## Activity
Look below for the line containing "Lews Speed Boat" and the line containing "Aqua One Floating Magnet Cleaner Large", then set down both and every line between them exactly, without pictures.

## Material for this exercise

+---+

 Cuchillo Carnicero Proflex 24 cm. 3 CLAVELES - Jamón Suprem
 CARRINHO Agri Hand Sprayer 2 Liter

+---+

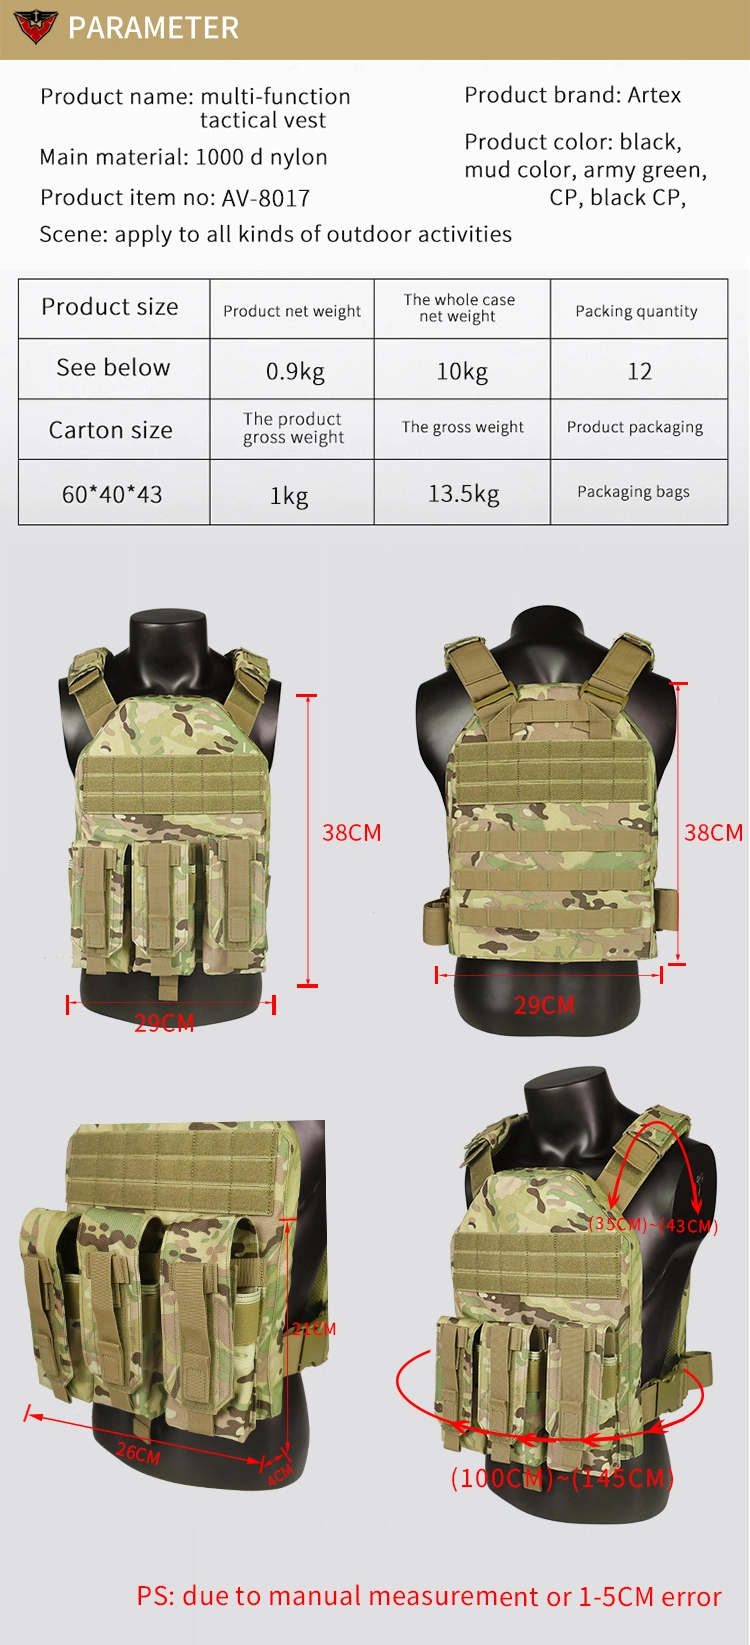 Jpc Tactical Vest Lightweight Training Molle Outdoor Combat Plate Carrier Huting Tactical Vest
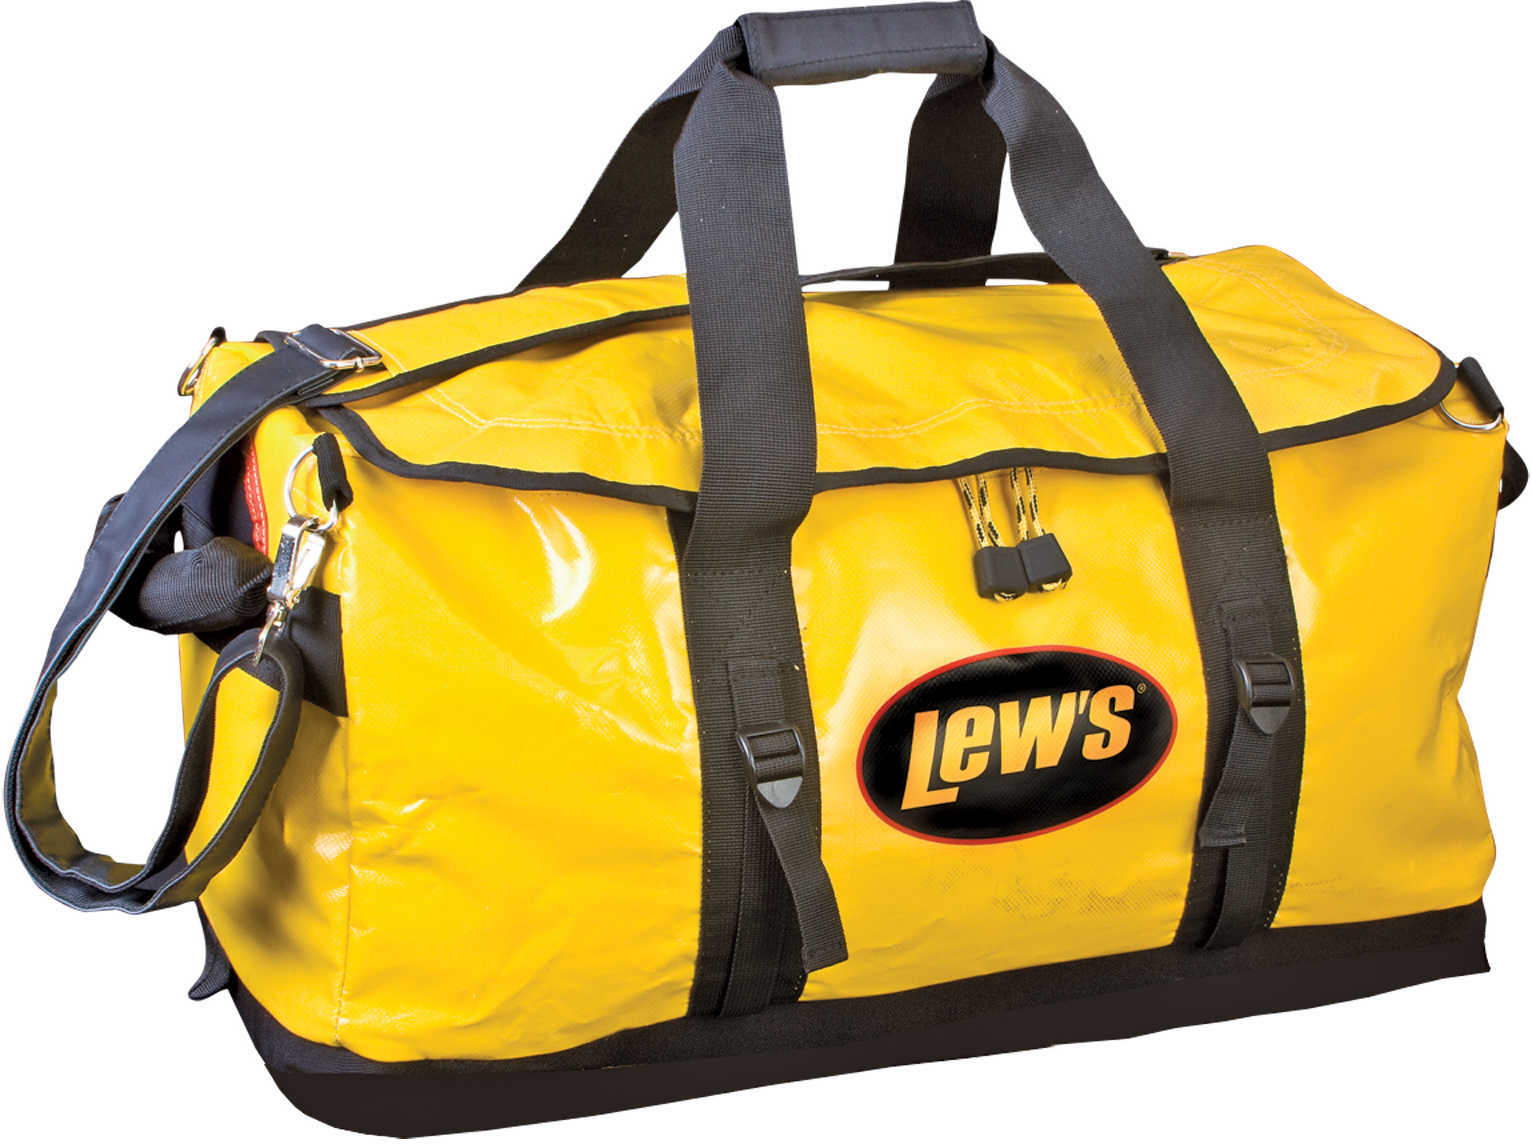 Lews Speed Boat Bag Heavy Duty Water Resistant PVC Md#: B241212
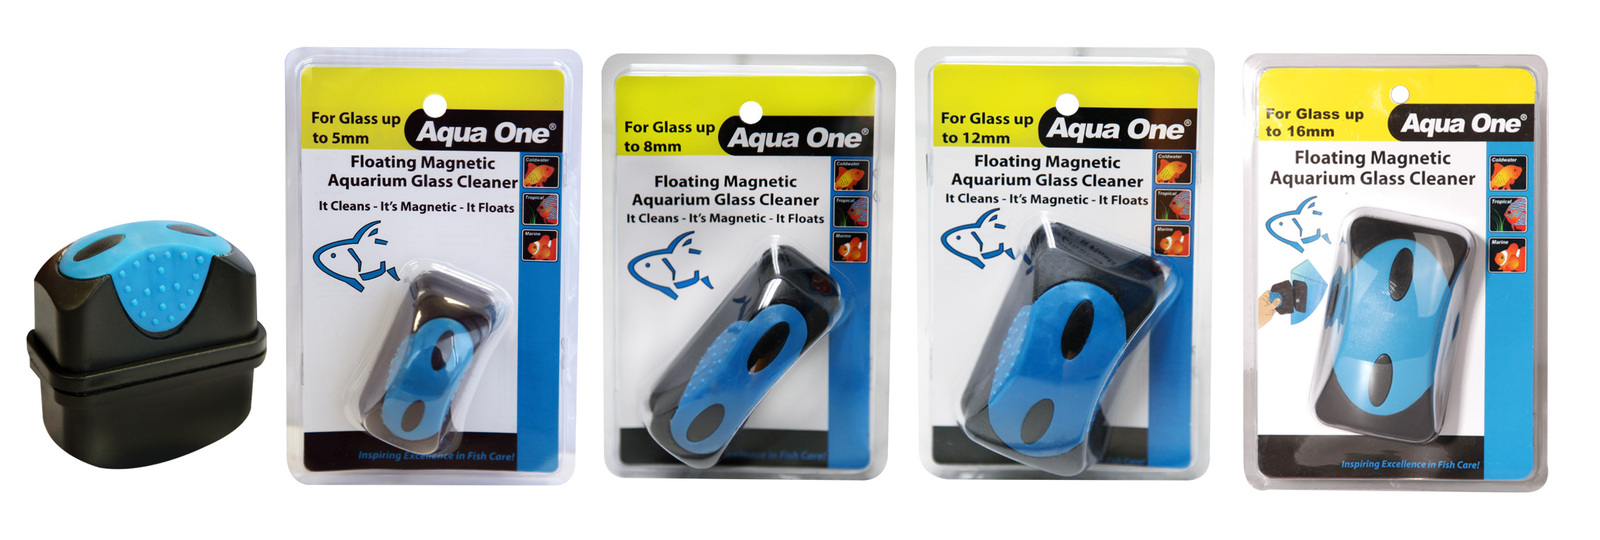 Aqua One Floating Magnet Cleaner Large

+---+

## Answer
 Lews Speed Boat Bag Heavy Duty Water Resistant PVC Md#: B241212
 Aqua One Floating Magnet Cleaner Large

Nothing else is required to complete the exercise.